对于大尺寸,由于拒绝的比例随尺寸的数量而增加,因此拒绝采样的效率将降低.

解决"这一问题的一种方法是从边际分布中抽样.但是,计算这些边际分布有点繁琐.比较:为了从Dirichlet分布生成样本,存在

图像:采样输出.4条黑色曲线是四个坐标的边际分布.红色曲线是基于Irwin Hall分布的计算.可以通过直接计算而不是拒绝采样将其扩展为一种采样方法.

python中的拒绝采样

 将numpy导入为npdef采样器(大小):拒绝= 1同时拒绝:x = np.random.rand(size-1)#步骤1S = np.sum(x)拒绝=(S< 0)或(S> 2)#步骤2x = np.append(x,1-S)#步骤3返回[x]y =采样器(5)打印(y,np.sum(y)) 

R中有更多代码,包括与Irwin Hall发行版的比较.此分布可用于计算边际分布,并可用于设计比拒绝采样更有效的算法.

  ###函数做拒绝样本samp<-function(n){<-1##执行第1步(样本)和第2步(比较和)的while循环while((S< 0)||(S> 2)){x<-符(n-1,-1,1)S<-和(x)}x<-c(x,1-S)##步骤3(生成第n个坐标)X}###计算10 ^ 5个样本y<-复制(10 ^ 5,samp(4))###绘图直方图h1 <-hist(y [1,],bre​​aks = seq(-1,1,0.05))h2 <-hist(y [2,],bre​​aks = seq(-1,1,0.05))h3<-hist(y [3,],bre​​aks = seq(-1,1,0.05))h4<-hist(y [4,],bre​​aks = seq(-1,1,0.05))###直方图一起折线图plot(h1 $ mids,h1 $ density,type ='l',ylim = c(0,1),xlab ="x [i]",ylab =频率",main =边际分布")行(h2 $ mids,h2 $ density)行(h3 $ mids,h3 $ density)行(h4 $ mids,h4 $ density)###根据Irwin Hall分布添加分布###欧文·霍尔PDFdih<-function(x,n = 3){k<-0:(floor(x))项<--(-1)^ k *选择(n,k)*(x-k)^(n-1)sum(terms)/prod(1:(n-1))}dih<-向量化(dih)### Irwin Hall CDFpih<-function(x,n = 3){k<-0:(floor(x))项<--(-1)^ k *选择(n,k)*(x-k)^ nsum(terms)/prod(1:(n))}pih<-向量化(pih)###添加行###(请注意,我们需要为Erwin Hall分布缩放变量)xn<-seq(-1,1,0.001)范围<-c(-1,1)暨<-pih(1.5+(1-范围)/2,3)标度<-0.5/(cum [1] -cum [2])###重新规范化###(因数0.5取决于比例差异)行(xn,scale * dih(1.5+(1-xn)/2,3),col = 2) 

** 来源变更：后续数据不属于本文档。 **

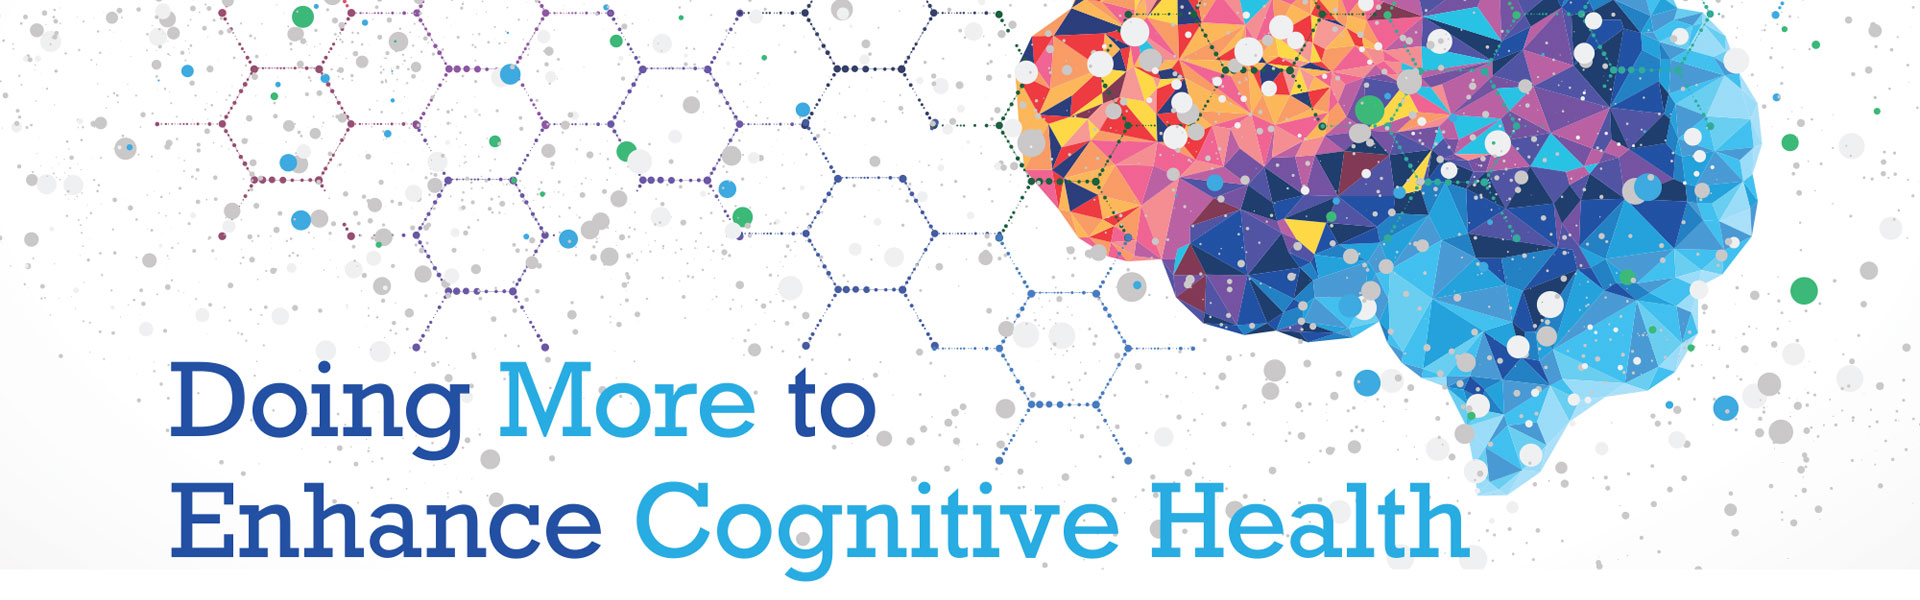 Doing More to Enhance Cognitive Health

what is the best way to create a NumPy array x of a given size with values randomly (and uniformly?) spread between -1 and 1, and that also sum to 1 ?

I tried 2*np.random.rand(size)-1 and np.random.uniform(-1,1,size) based on the discussion here, but if I take a transformation approach, by re-scaling both methods by their sum afterwards, x/=np.sum(x), this ensures the elements sum to 1, but: there are elements in the array that are suddenly much greater or less than 1 (>1, <-1) which is not wanted.

解决方案

Rejection sampling

You can use rejection sampling. The method below does this by sampling in a space of 1 dimension less than the original space.

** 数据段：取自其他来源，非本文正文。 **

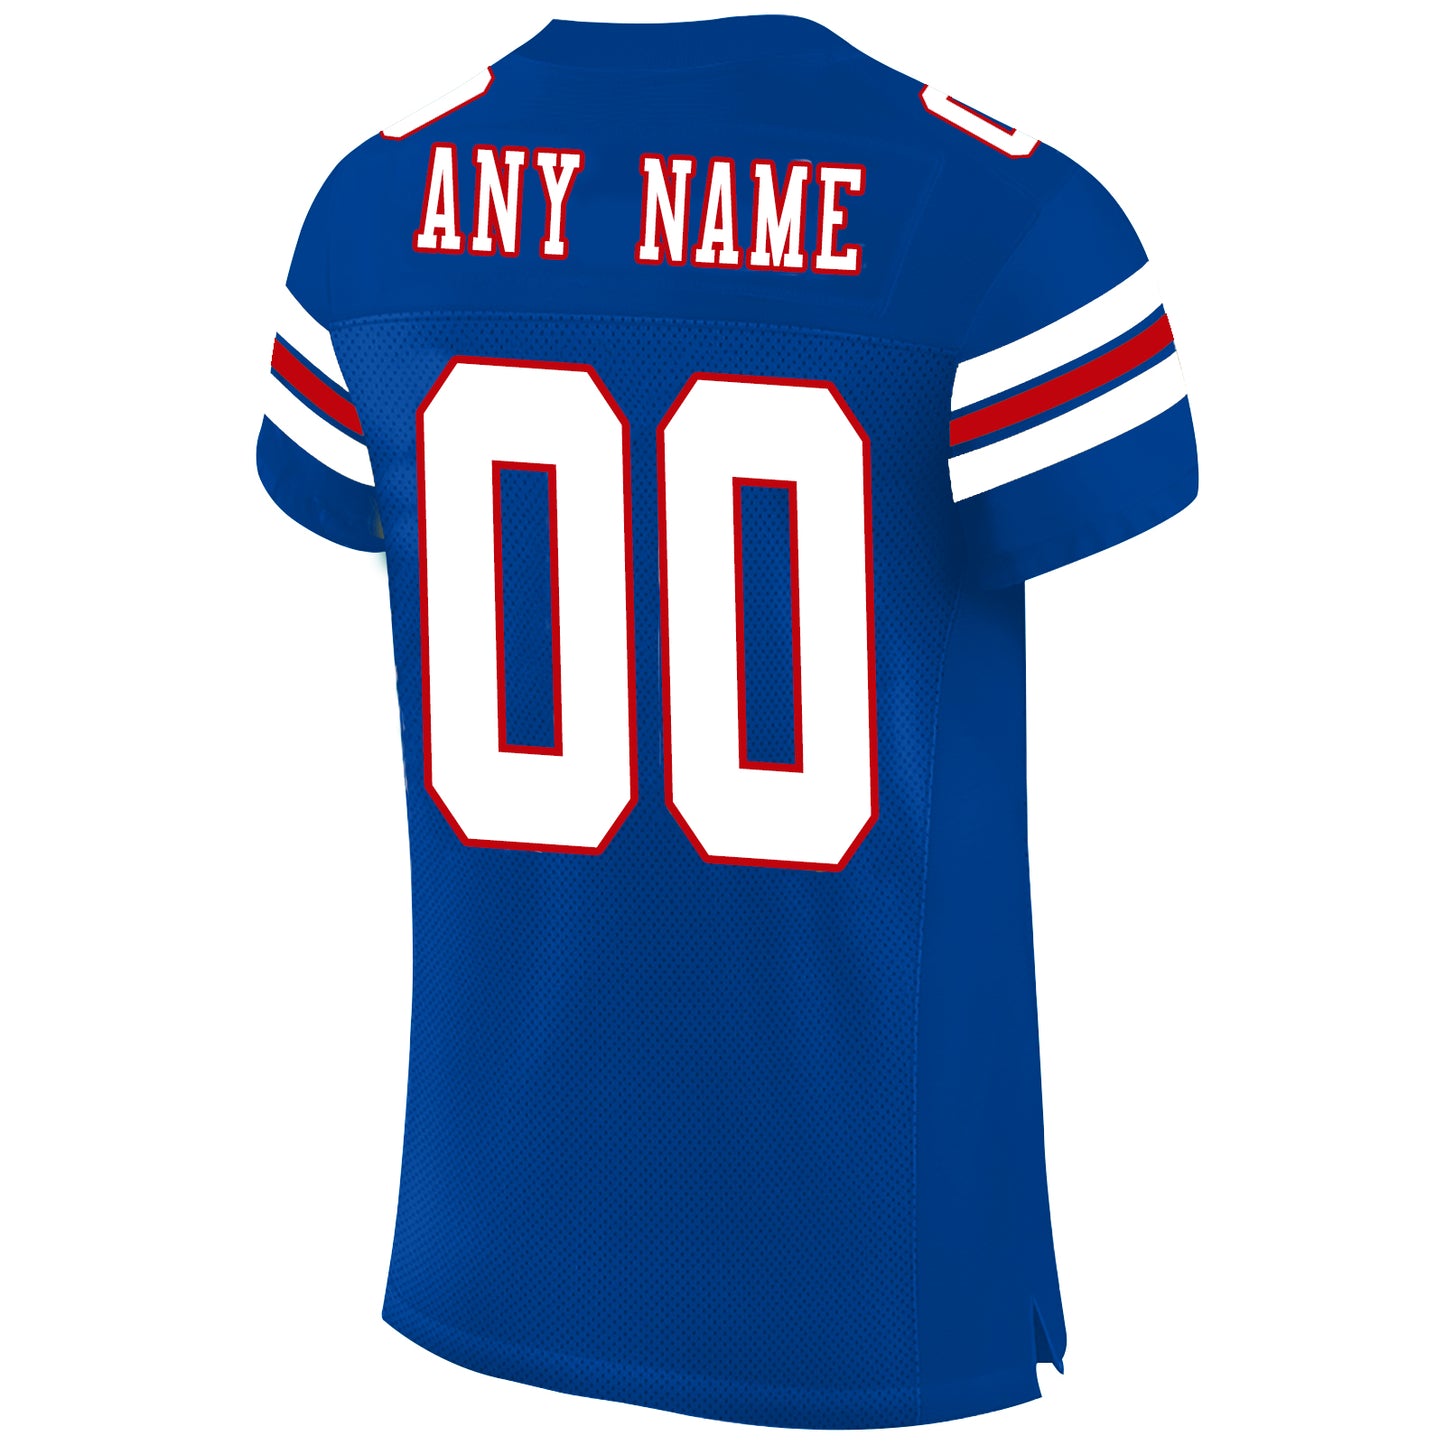 Custom Football Jersey for Men Women Youth Personalize Sports Shirt Design Buffalo Bills Royal Stitched Name And Number Christmas Birthday Gift

  • Step 1: you sample x(1), x(2), ..., x(n-1) randomly by sampling each x(i) from a uniform distribution
  • Step 2: if the sum S = x(1) + x(2) + ... + x(n-1) is below 0 or above 2 then reject and start again in Step 1.
  • Step 3: compute the n-th variable as x(n) = 1-S

Intuition

You can view the vector x(1), x(2), ..., x(n-1), x(n) on the interior of a n-dimensional cube with cartesian coordinates ±1, ±1,... , ±1. Such that you follow the constraints -1 <= x(i) <= 1.

The additional constraint that the sum of the coordinates must equal 1 constrains the coordinates to a smaller space than the hypercube and will be a hyperplane with dimension n-1.

If you do regular rejection sampling, sampling from uniform distribution for all the coordinates, then you will never hit the constraint. The sampled point will never be in the hyperplane. Therefore you consider a subspace of n-1 coordinates. Now you can use rejection sampling.

Visually

Say you have dimension 4 then you could plot 3 of the coordinated from the 4. This plot (homogeneously) fills a polyhedron. Below this is illustrated by plotting the polyhedron in slices. Each slice corresponds to a different sum S = x(1) + x(2) + ... + x(n-1) and a different value for x(n).

Image: domain for 3 coordinates. Each colored surface relates to a different value for the 4-th coordinate.

Marginal distributions

For large dimensions, rejection sampling will become less efficient because the fraction of rejections grows with the number of dimensions.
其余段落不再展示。